▶ _What is expected_
Retype exactly the span of lines below from the one with "Marketing Dr Pepper (1971)" through the one with "Olivia short sleeve". Do not include pictures.
─── Data for processing ───
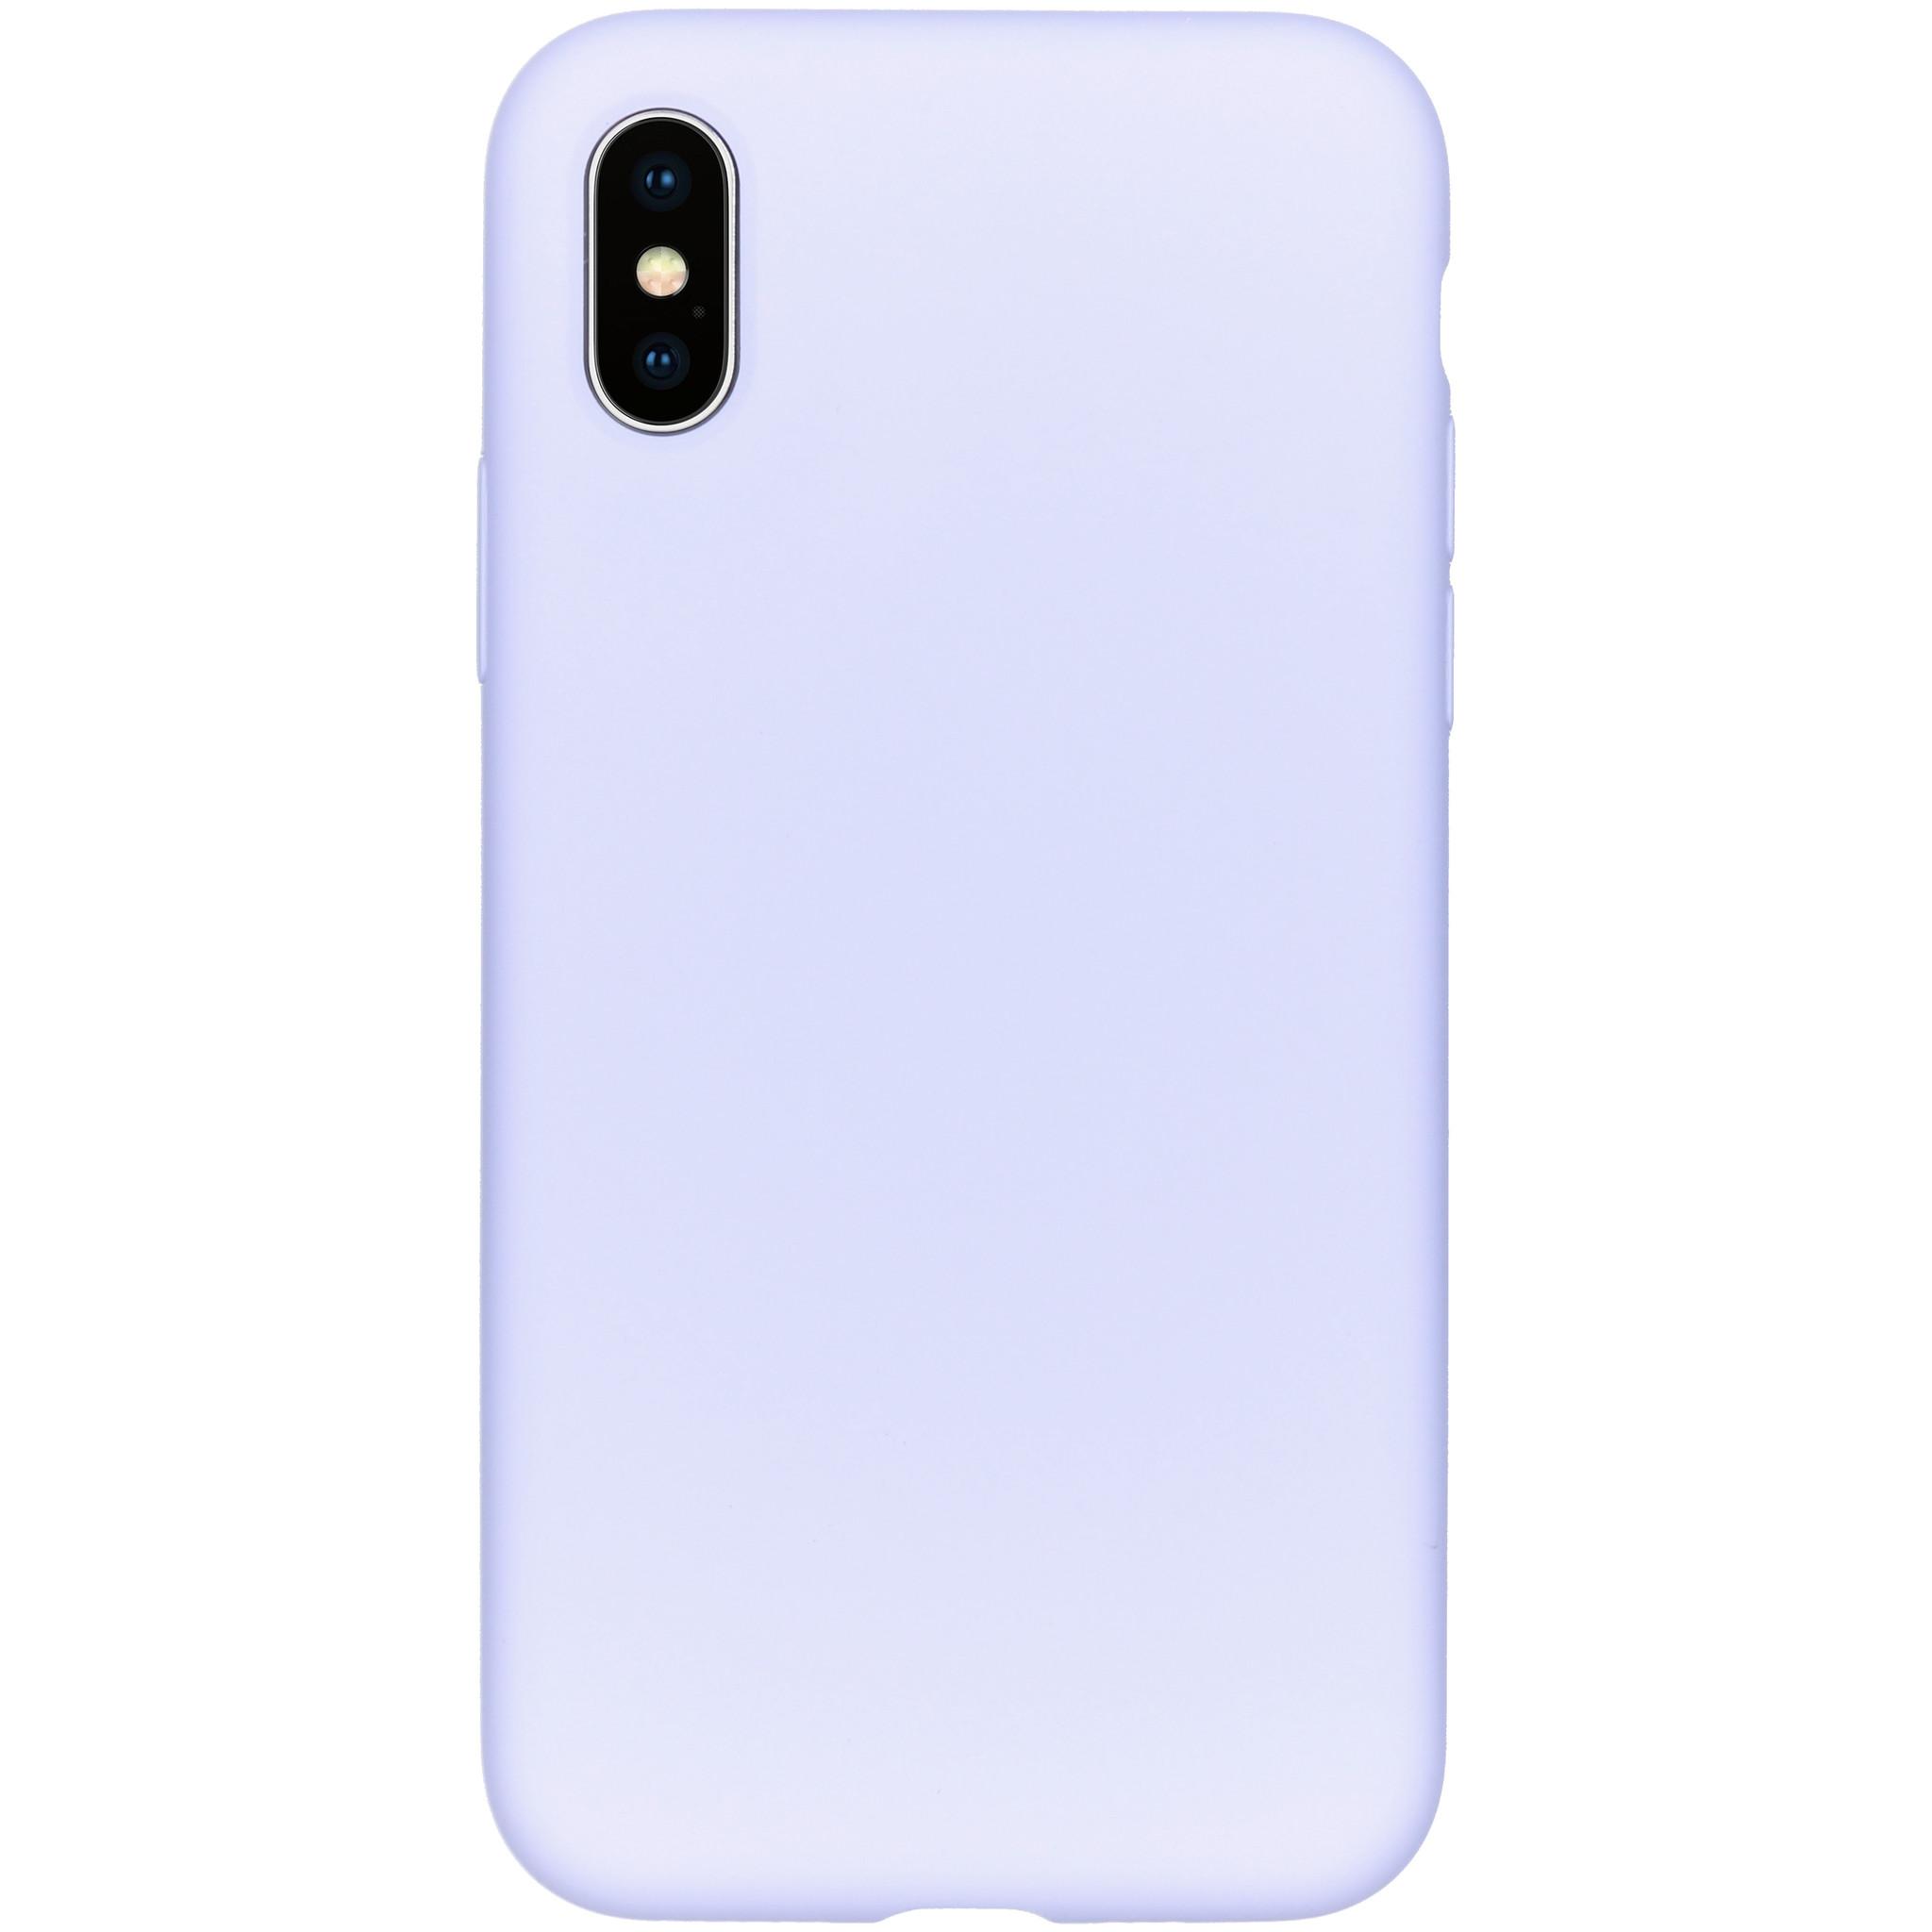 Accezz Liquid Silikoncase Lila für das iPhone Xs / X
───
─── Data for processing ───
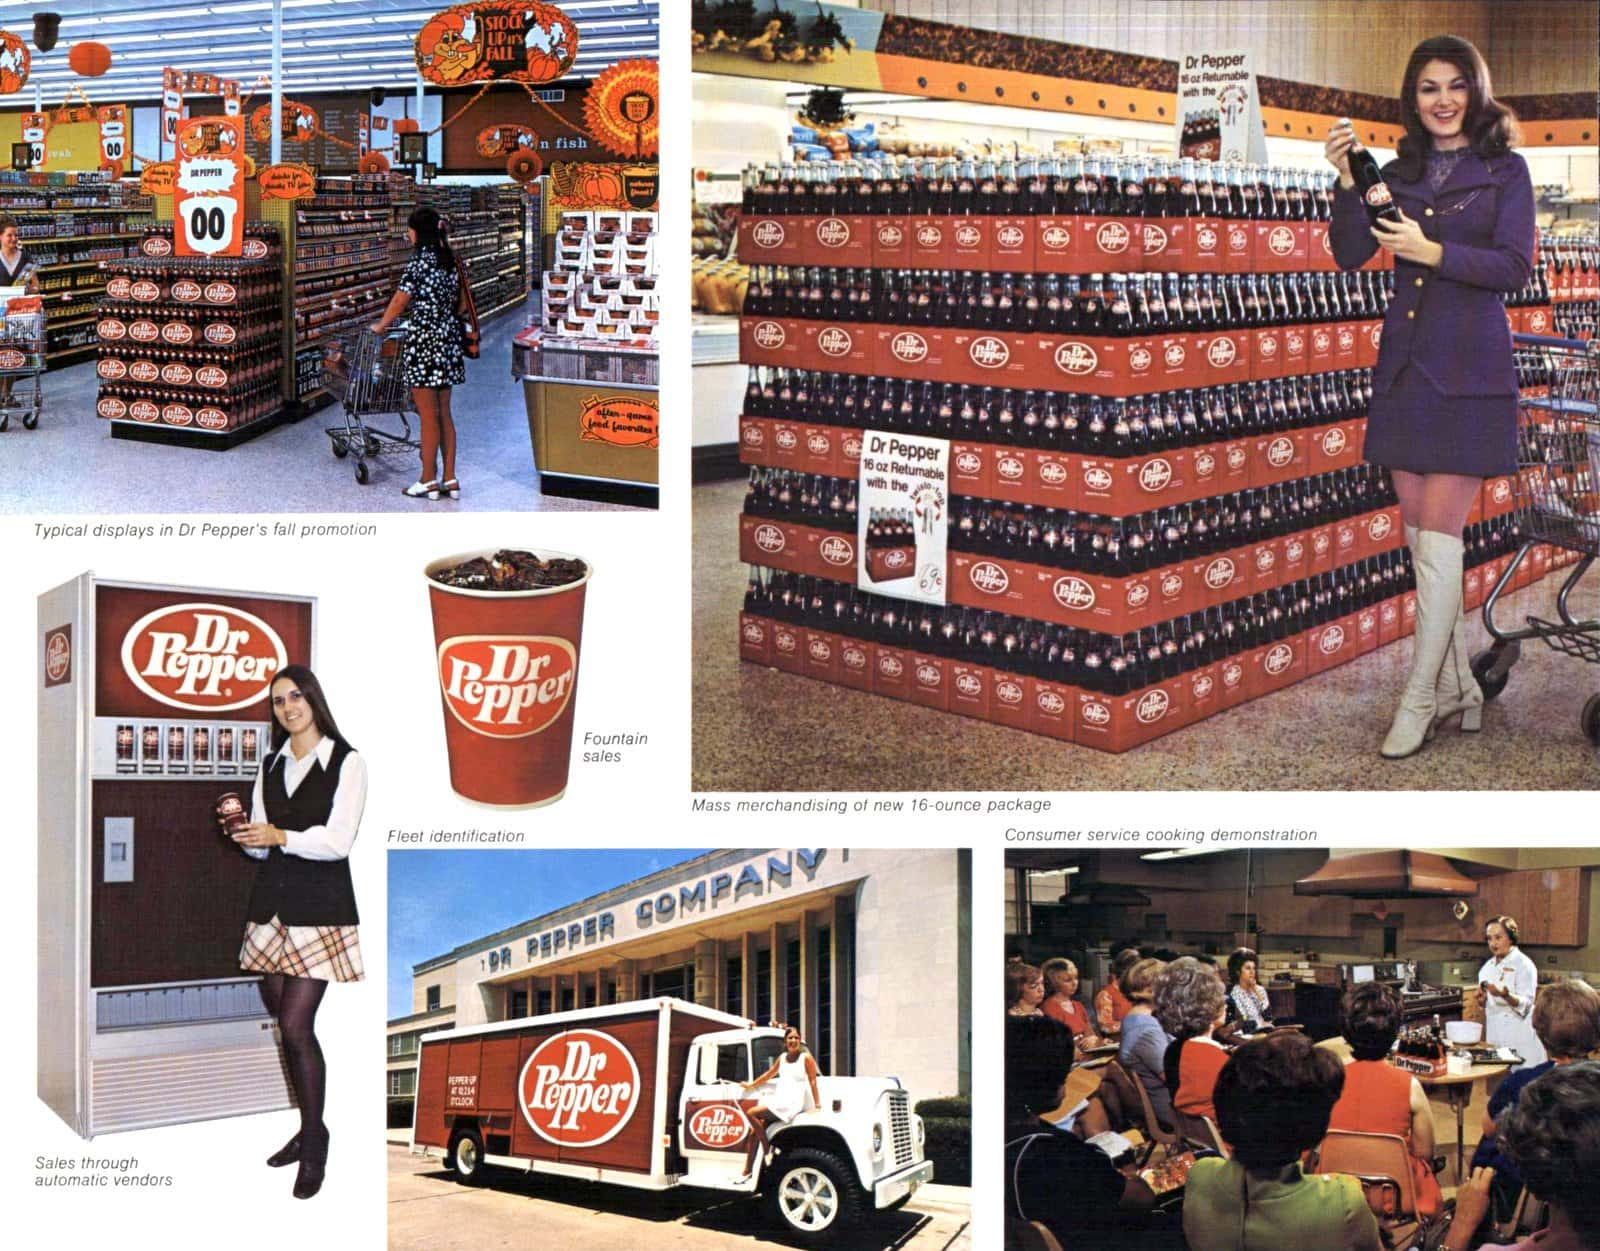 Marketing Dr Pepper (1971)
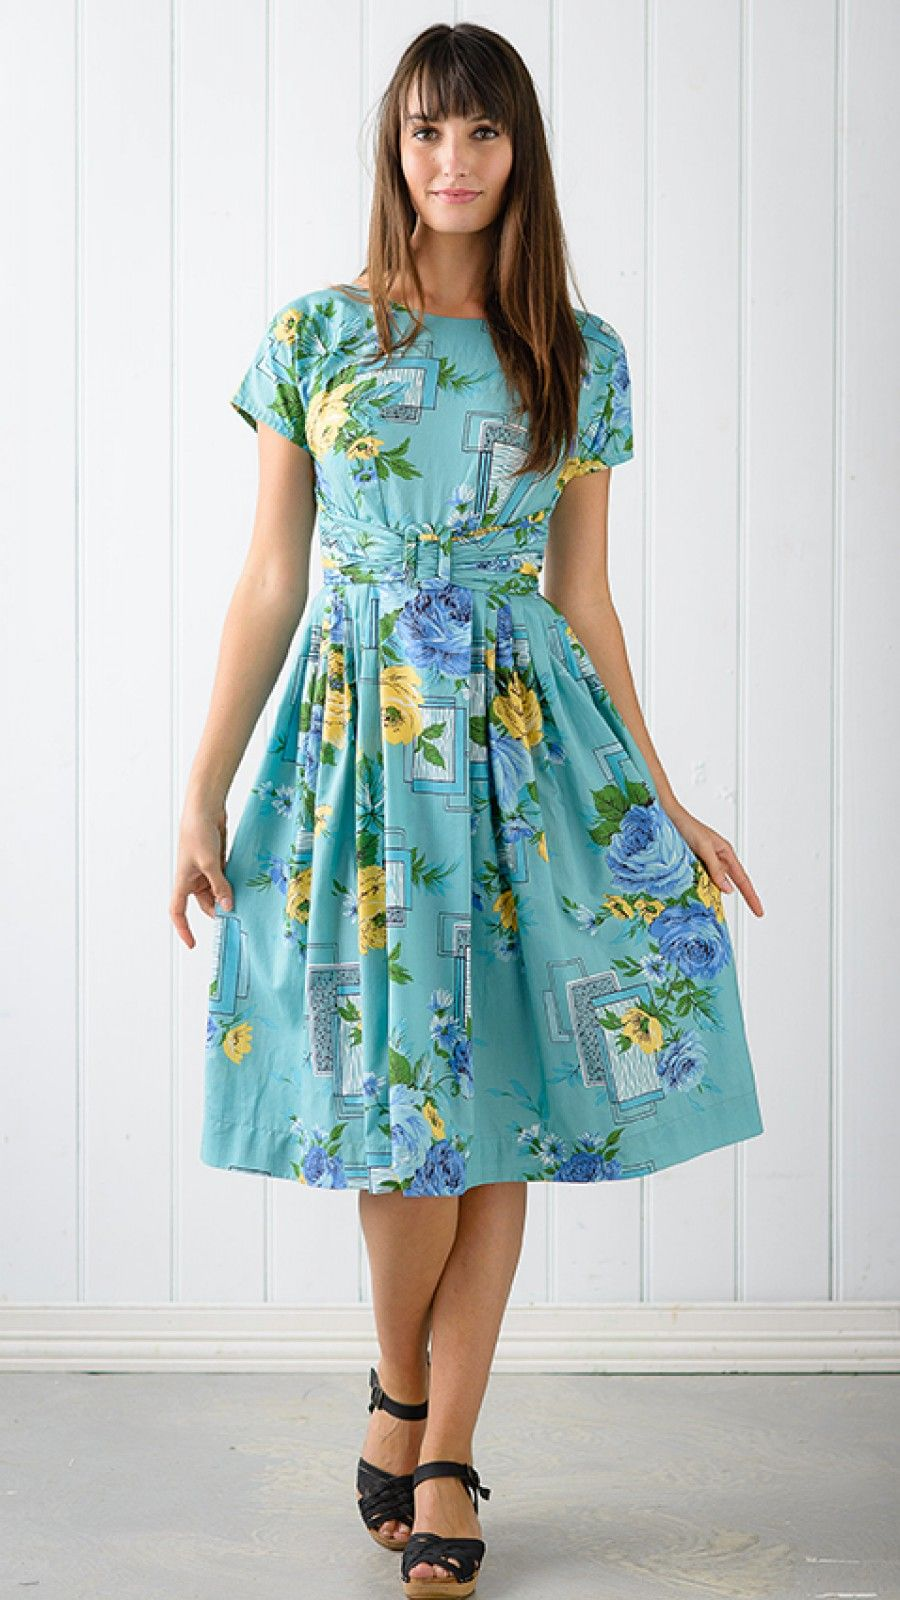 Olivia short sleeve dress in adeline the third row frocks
───
─── Data for processing ───
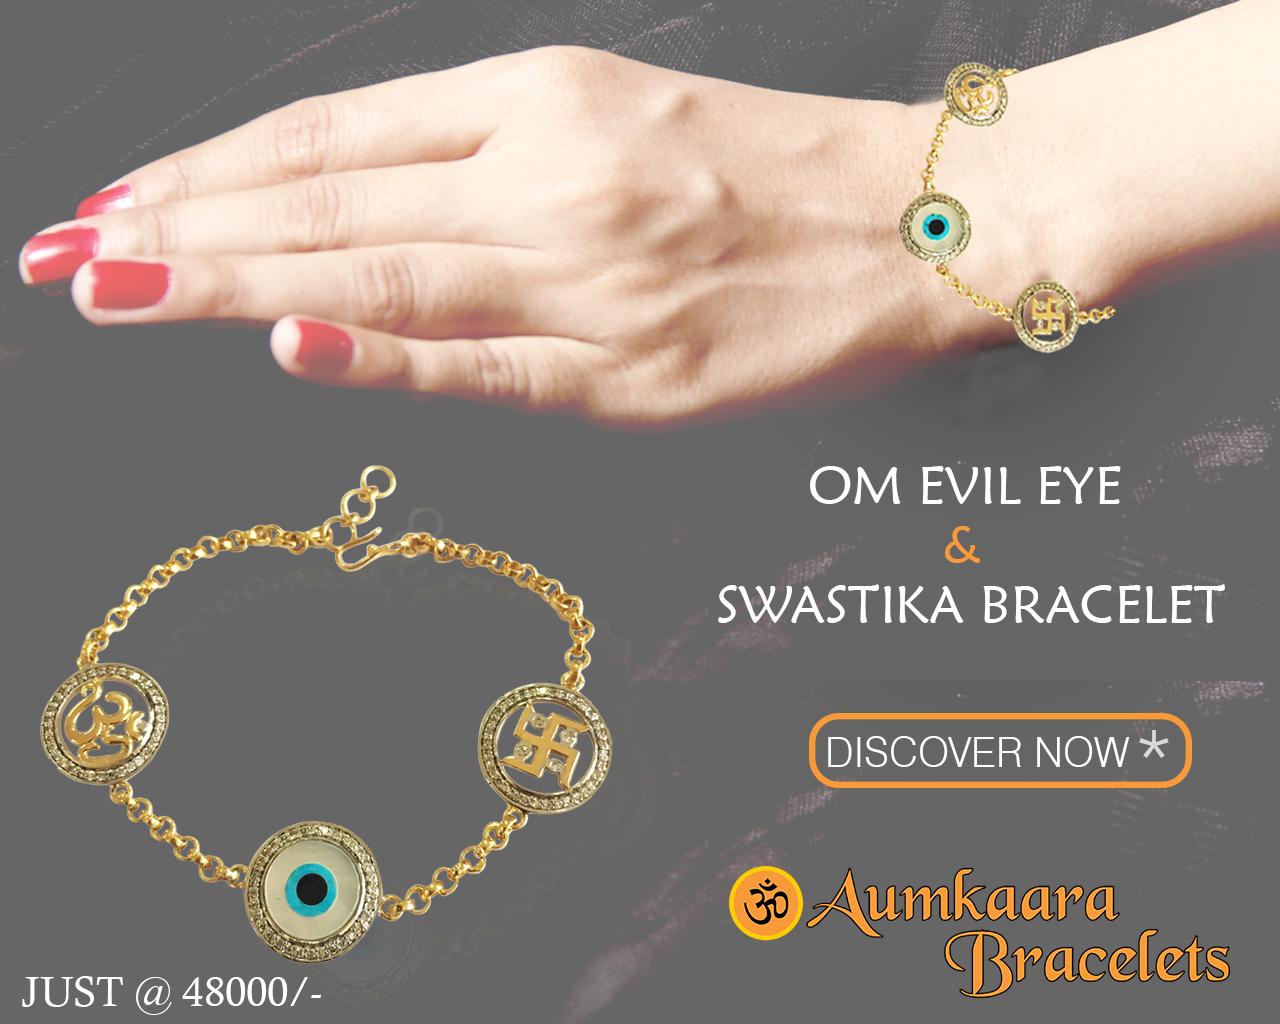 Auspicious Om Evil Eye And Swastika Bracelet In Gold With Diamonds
───
▶ _Your solution_
 Marketing Dr Pepper (1971)
 Olivia short sleeve dress in adeline the third row frocks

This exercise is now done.